# Demand for hay changing?



## swmnhay (Jun 13, 2008)

Is the demand for hay changing?

The feedlots here have dropped the amount of hay in their rations.It used to be 2# per hd per day.Now I hear rations @.7#.And they don't use a good of hay.They are using distilers and don't need the protien from the hay because of all the protien in the distillers.Some using straw instead of hay.

Hay auctions here used to run 100 loads a sale and now running50-60 and the price is still soft.

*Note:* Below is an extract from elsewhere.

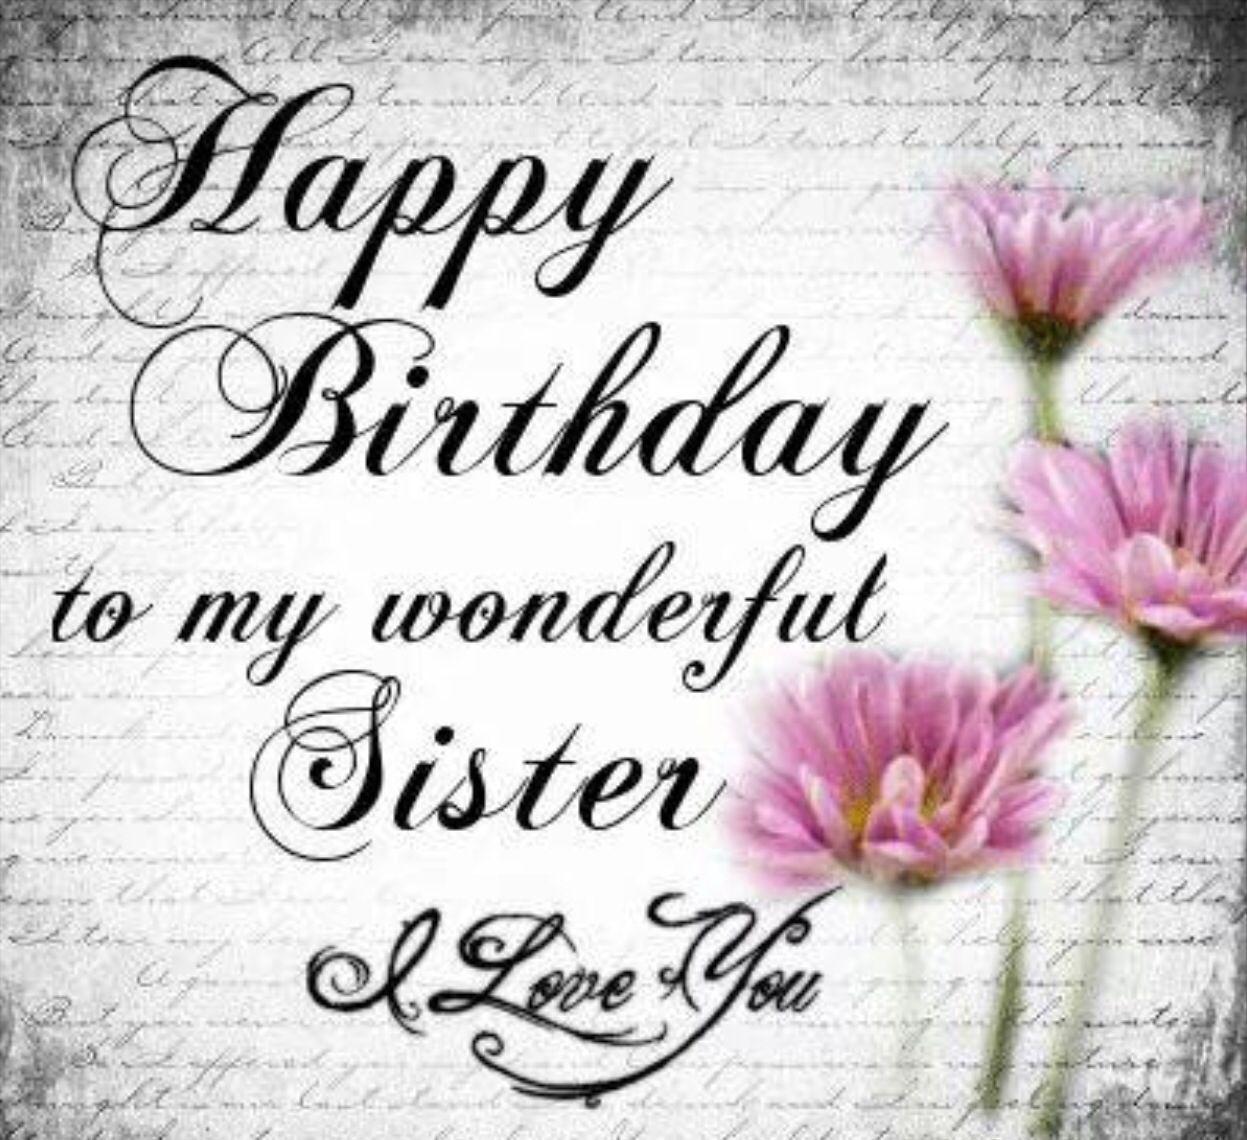 Pin By Rosa Galvan On Birthday Happy Birthday Pictures Birthday Blessings Happy Birthday Sis

Another hay guy I know got a call from a dairy lookin for hfr hay.He was only willing to pay $60 a ton.LOL


----------



## ne_mn (Nov 25, 2010)

I think you're right. The straw and cornstalks can be pretty cheap filler. Especially with a lot of the no tilling going on there are farmers who want some of the crop residue off the fields so the soil can warm up quicker in the spring. Some of them can unload their bales so cheap there ain't much of a way to compete.

All it would take is a few drier years and hay would be back in the running. There are so many people reducing their hay ground acreage for one reason or another.


----------



## Mike120 (May 4, 2009)

Most people I know are cutting back cattle herd sizes. I picked up a field from my neighbor to switch over to hay because he cut his herd way back. The horse market is still OK for the high-$$ horses but grade horses and off-the-track horses often end up in Mexico. The price of feed and low-auction prices makes raising animals a poor investment right now. However, the hay prices seem to be pretty steady for decent small squares in this area and the only low prices I've seen were for junk hay. It's usually in small lots. I even saw some junk rounds on an on-line auction site the other day.


----------



## mlappin (Jun 25, 2009)

I'm not exactly sure what is happening in our haymarket, I do know about 7-8 of the 20 loads at the Saturday auction no sold. Mine was one of them, wasn't about to give hay away at $75/ton that had brought $120/ton the day before. I'm seriously looking into more cheap storage of some kind as I'm beginning to wonder if I just shouldn't sit on last years crop and make more room for this years crop.


----------



## NDVA HAYMAN (Nov 24, 2009)

Cy, The sad part about it is that the guy will find someone to sell it to him for the $60 bucks. Sometimes I wished I had a crystal ball. I guess this year will tell the story but when we see people ripping out their hay ground, we will be right back there thinking that prices have got to get better. I seem to stay confused and undecided on what the hell to do. Mike


----------



## baddog201 (Sep 18, 2010)

I am going to try hay one more year and if i have another bad year I will be ripping all my hay out and going back to corn and beans and wheat


----------